U.S. Securities and Exchange Commission head Gary Gensler says he believes the technology underlying cryptocurrencies is beneficial.
In a new interview with the Washington Post, Gensler says that blockchain technology, which gained its present-day prominence after the mysterious Satoshi Nakamoto created Bitcoin (BTC), is helping to improve payment systems.
“Nakamoto-san’s innovation, not only Bitcoin as the first sort of one, but this whole distributed ledger technology, has been a catalyst for change around the globe. Central banks and the private sector are looking in on how we can enhance our payment systems.
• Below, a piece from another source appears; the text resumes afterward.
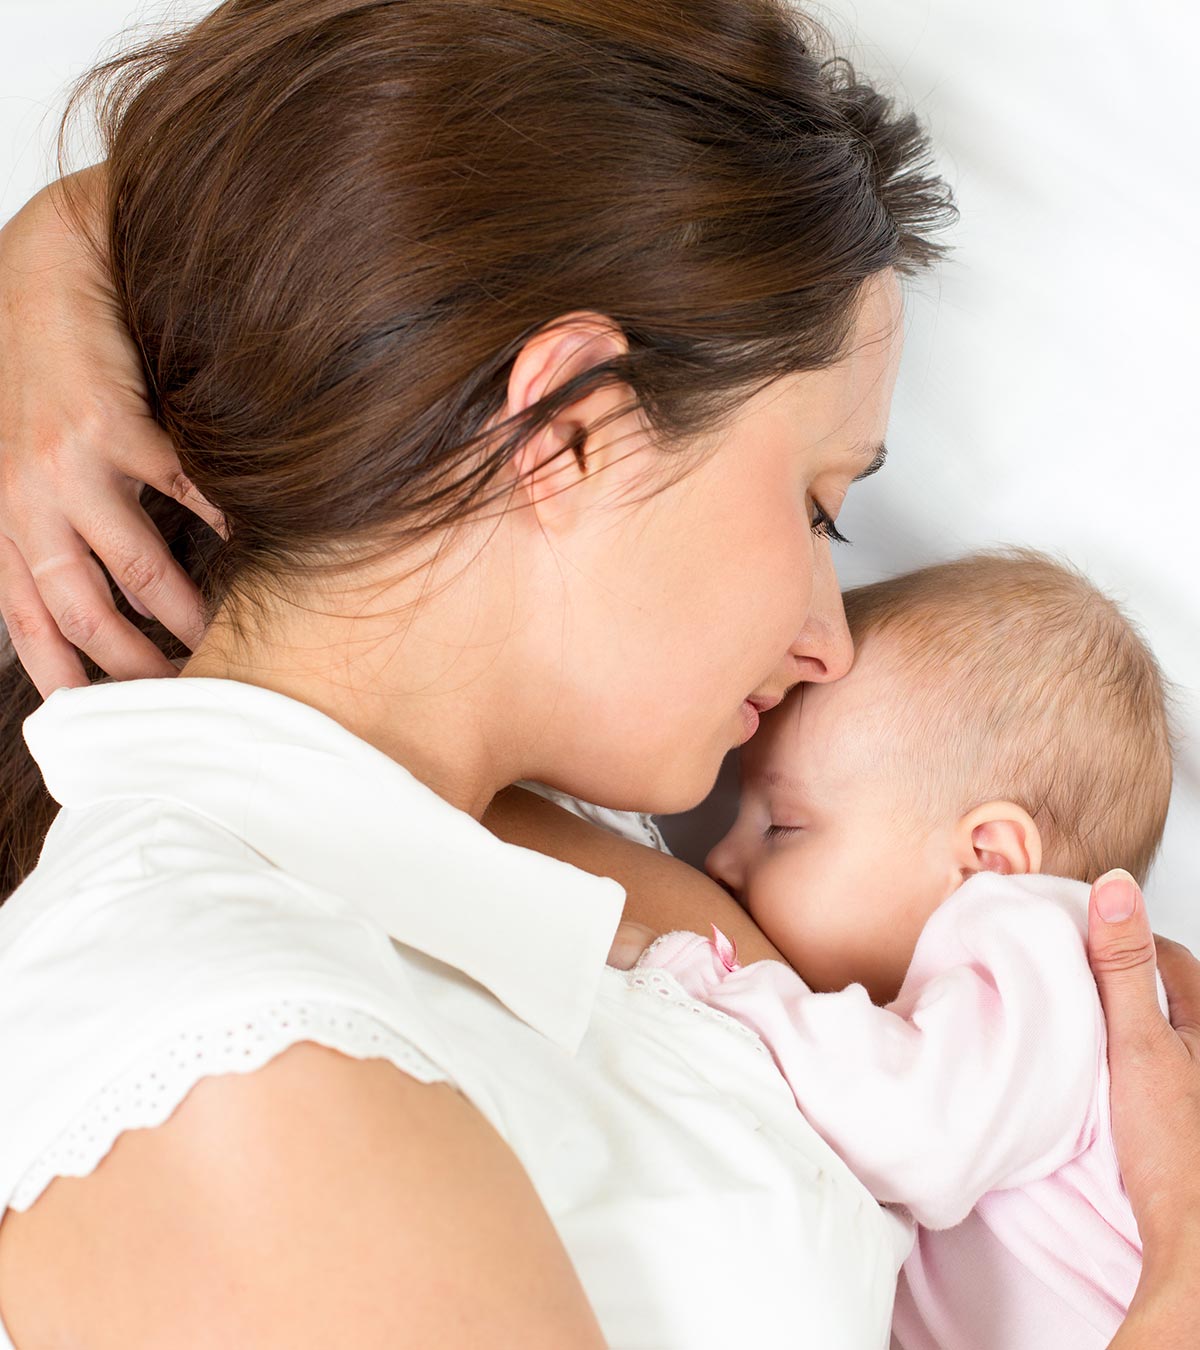 فوائد الرضاعة الطبيعية لمدة عامين للأم والجنين

And [in a way] to make them 24 hours a day, 7 days a week, real time, at lower cost.”
Blockchain technology is also spurring innovation in the markets and banking, according to the SEC chair.
“I also think it’s raising new and interesting innovations around how exchanges work and even potentially some forms of decentralized lending.
We’ve had peer-to-peer lending for 15-20 years, we’ve experimented with it. This is a new type of experiment. So, those are really interesting innovations challenging the established business models.”
Gensler also says he believes stablecoins, which are designed to maintain a constant value, are similar to “poker chips” and the need exists to regulate them before problems arise.
“These stablecoins are acting almost like poker chips at the casino right now. So, add to the Wild West analogy. I mean, we’ve got a lot of casinos here in the Wild West, and the poker chip is these stablecoins at the casino gaming tables.
And so, I think there’s just a lot of warning signs and flashing lights that we might have a spill in aisle three, and I’d rather get ahead of it.”